§ **YOUR INSTRUCTIONS**
The result should hold only the lines from the one with "Bicycle игральные карты" through the final line of the data below, transcribed exactly, pictures left out.

§ **GIVEN DATA**

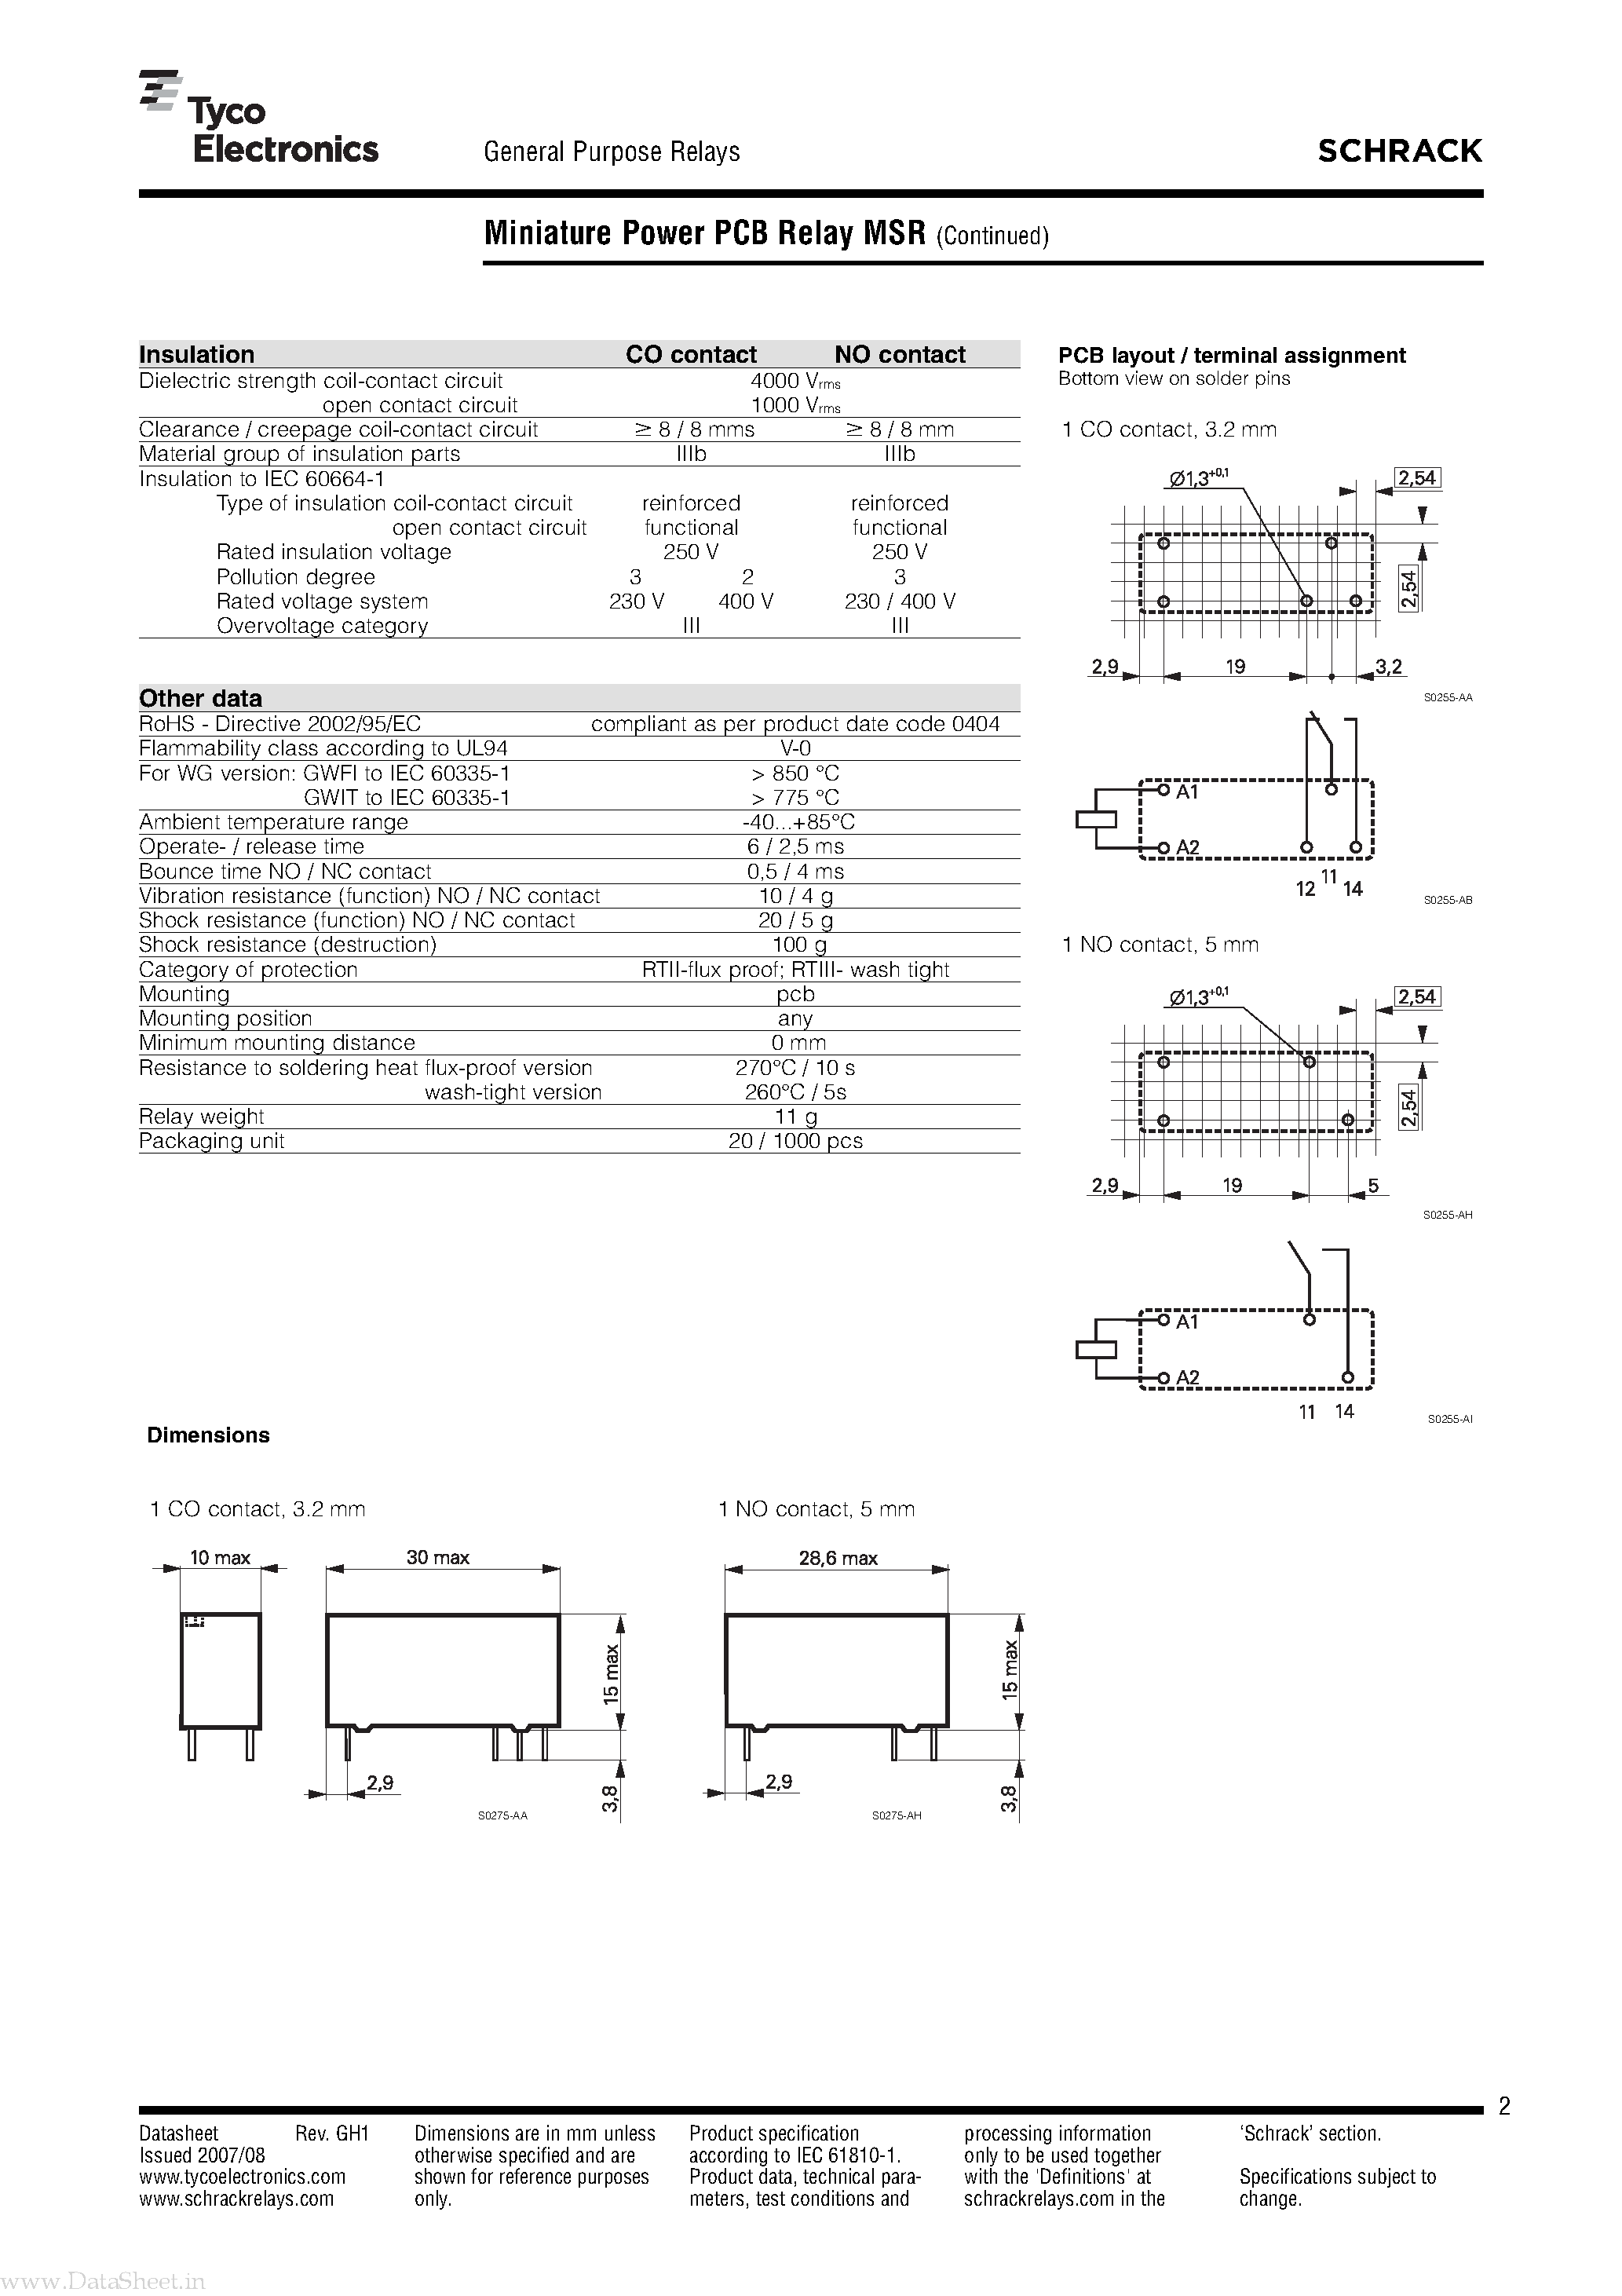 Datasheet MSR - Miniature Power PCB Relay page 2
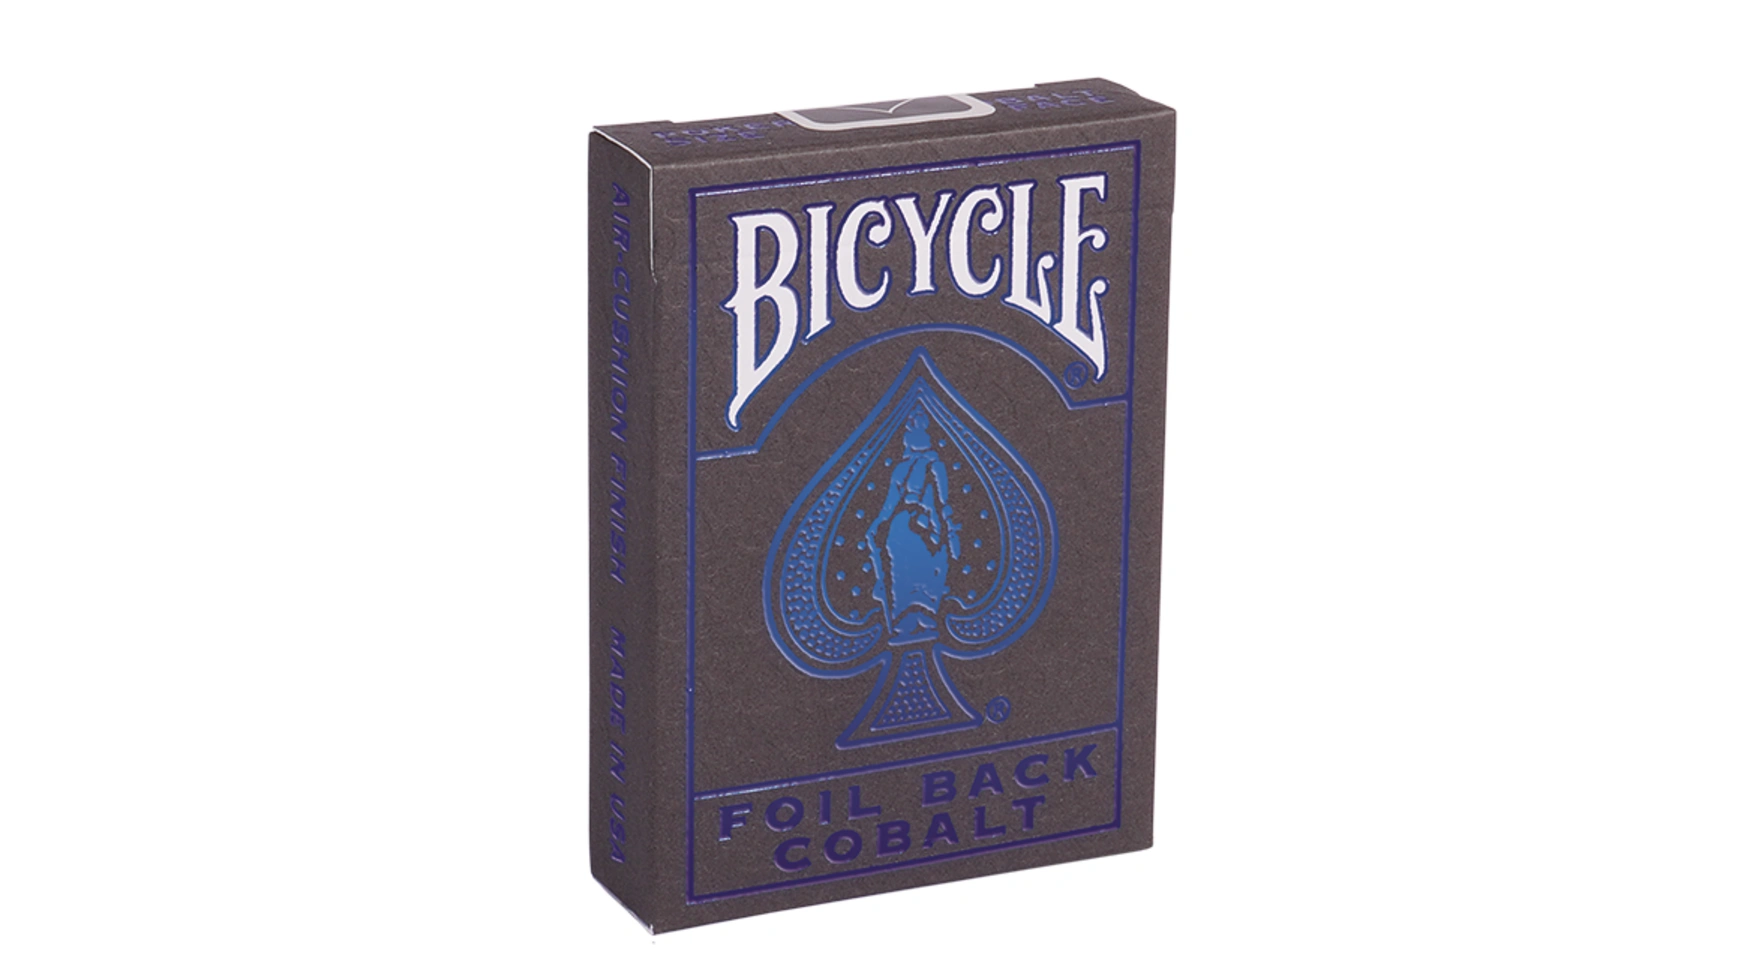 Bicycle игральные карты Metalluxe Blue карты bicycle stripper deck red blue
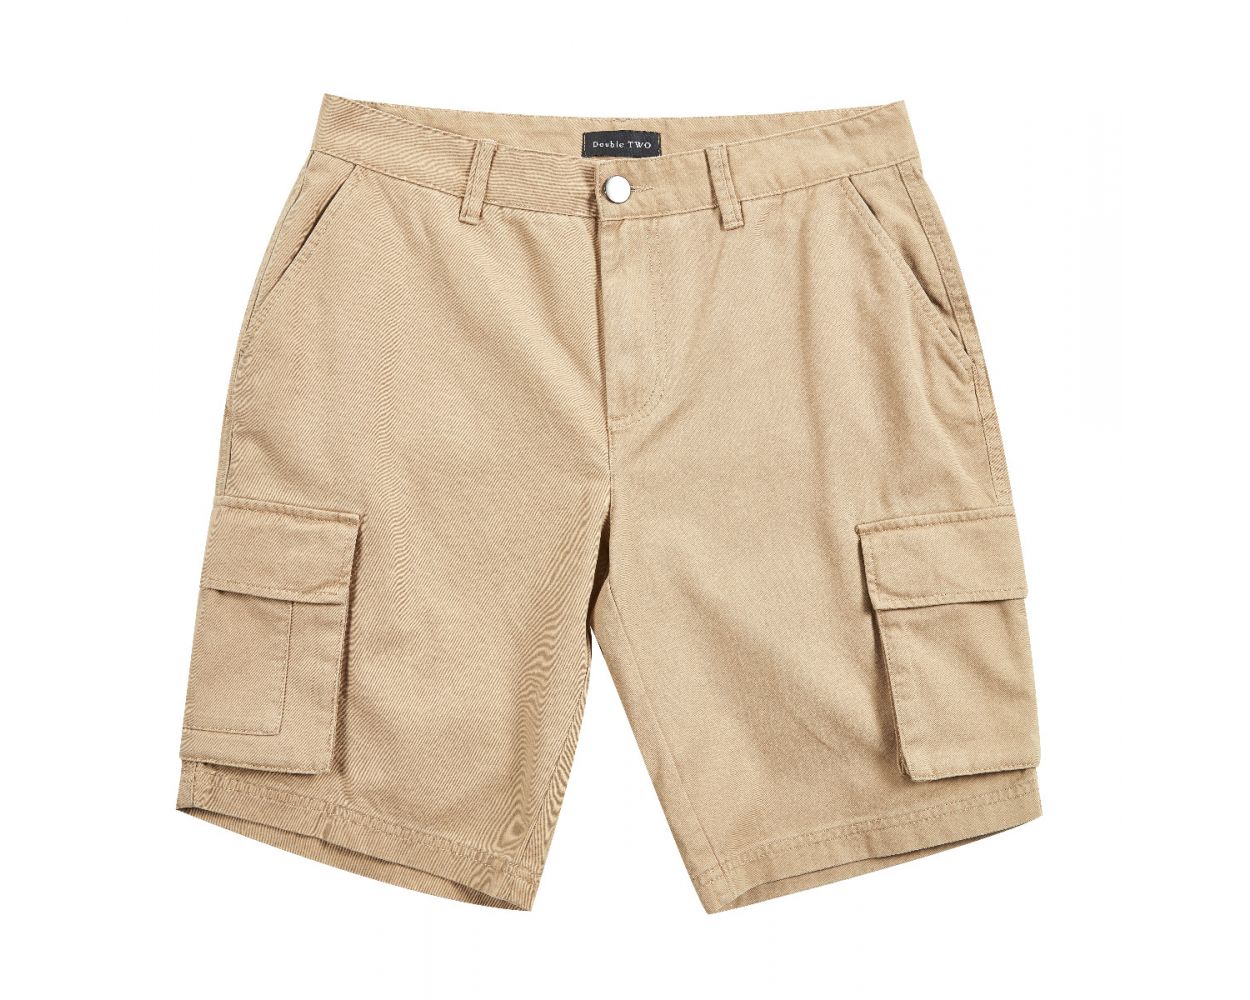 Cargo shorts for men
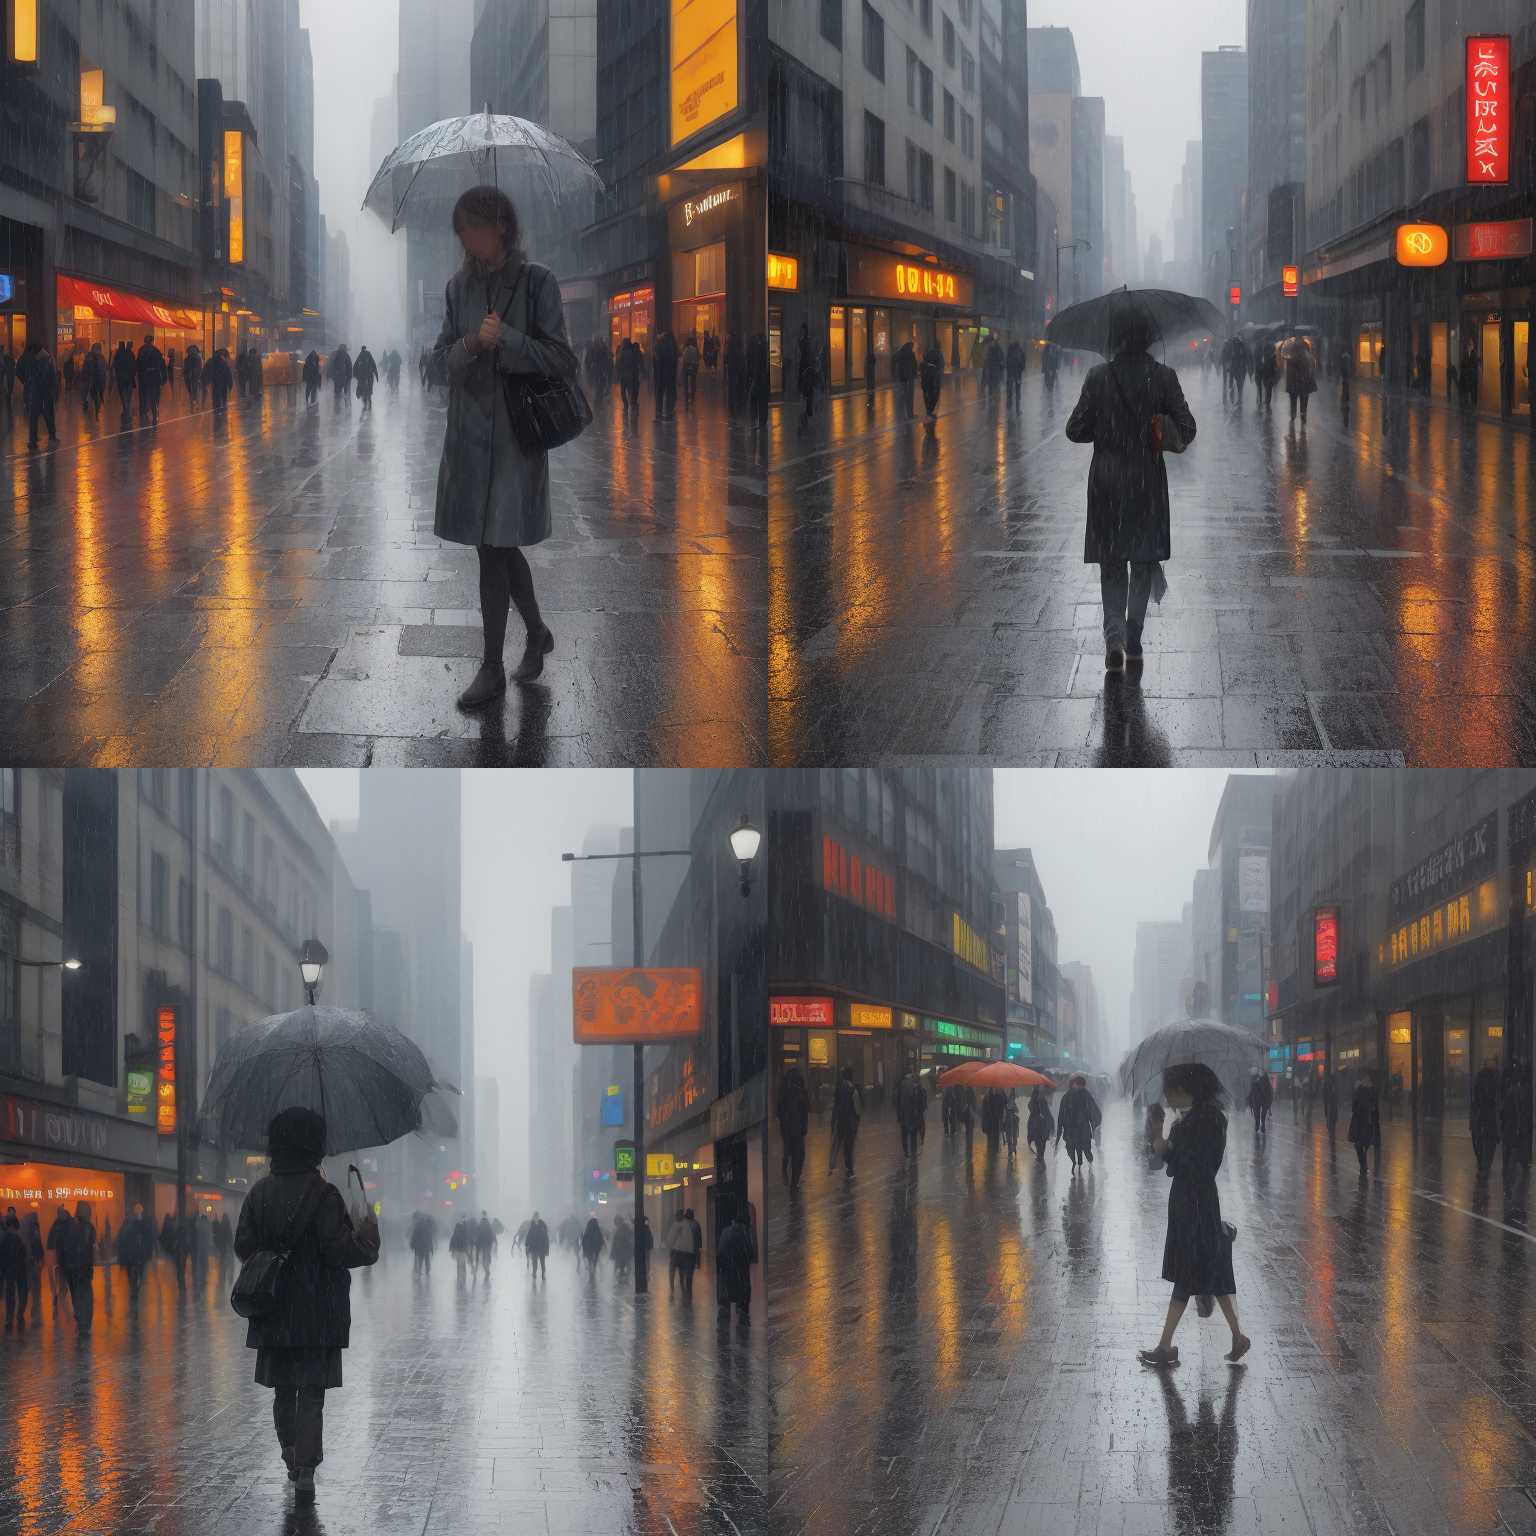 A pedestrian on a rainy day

§ **THE COMPLETED TASK**
 Bicycle игральные карты Metalluxe Blue карты bicycle stripper deck red blue
 Cargo shorts for men
 A pedestrian on a rainy day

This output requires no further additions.